Patients prescribed antibiotics in hospital are more likely to get fungal infections because of disruption to the immune system in the gut, according to a new study from the University of Birmingham and National Institutes of Health.
Using immune-boosting drugs alongside the antibiotics could reduce the health risks from these complex infections say the researchers.
The life-threatening fungal infection invasive candidiasis is a major complication for hospitalised patients who are given antibiotics to prevent sepsis and other bacterial infections that spread quickly around hospitals (such as C. diff). Fungal infections can be more difficult to treat than bacterial infections, but the underlying factors causing these infections are not well understood.

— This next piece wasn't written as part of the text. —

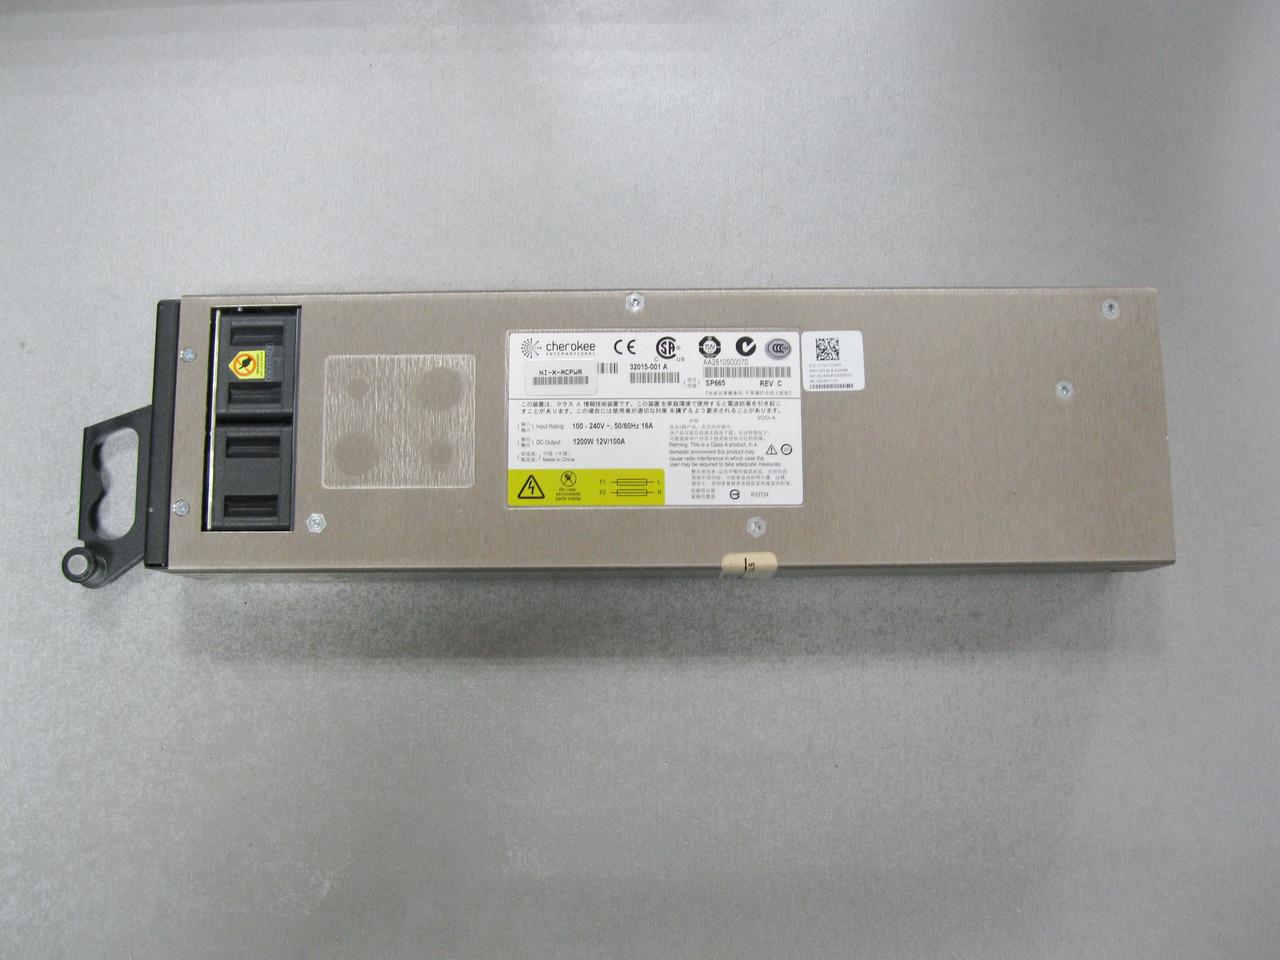 Серверный блок питания Brocade Foundry NIBI-32-ACPWR-A Cherokee SP708 Power Supply 2400W/из США!!!ГАРАНТИЯ!!!

A team in the University’s Institute of Immunology and Immunotherapy, in conjunction with researchers at the National Institutes of Health, discovered that antibiotics disrupt the immune system in the intestines, meaning that fungal infections were poorly controlled in that area. Unexpectedly, the team also found that where fungal infections developed, gut bacteria were also able to escape, leading to the additional risk of bacterial infection.
The study, published in Cell Host and Microbe, demonstrates the potential for immune-boosting drugs, but the researchers also say their work also highlights how antibiotics can have additional effects on our bodies that affect how we fight infection and disease. This in turn underscores the importance of careful stewardship of available antibiotics.
Lead author Dr Rebecca Drummond said: “We knew that antibiotics make fungal infections worse, but the discovery that bacterial co-infections can also develop through these interactions in the gut was surprising. These factors can add up to a complicated clinical situation – and by understanding these underlying causes, doctors will be better able to treat these patients effectively.”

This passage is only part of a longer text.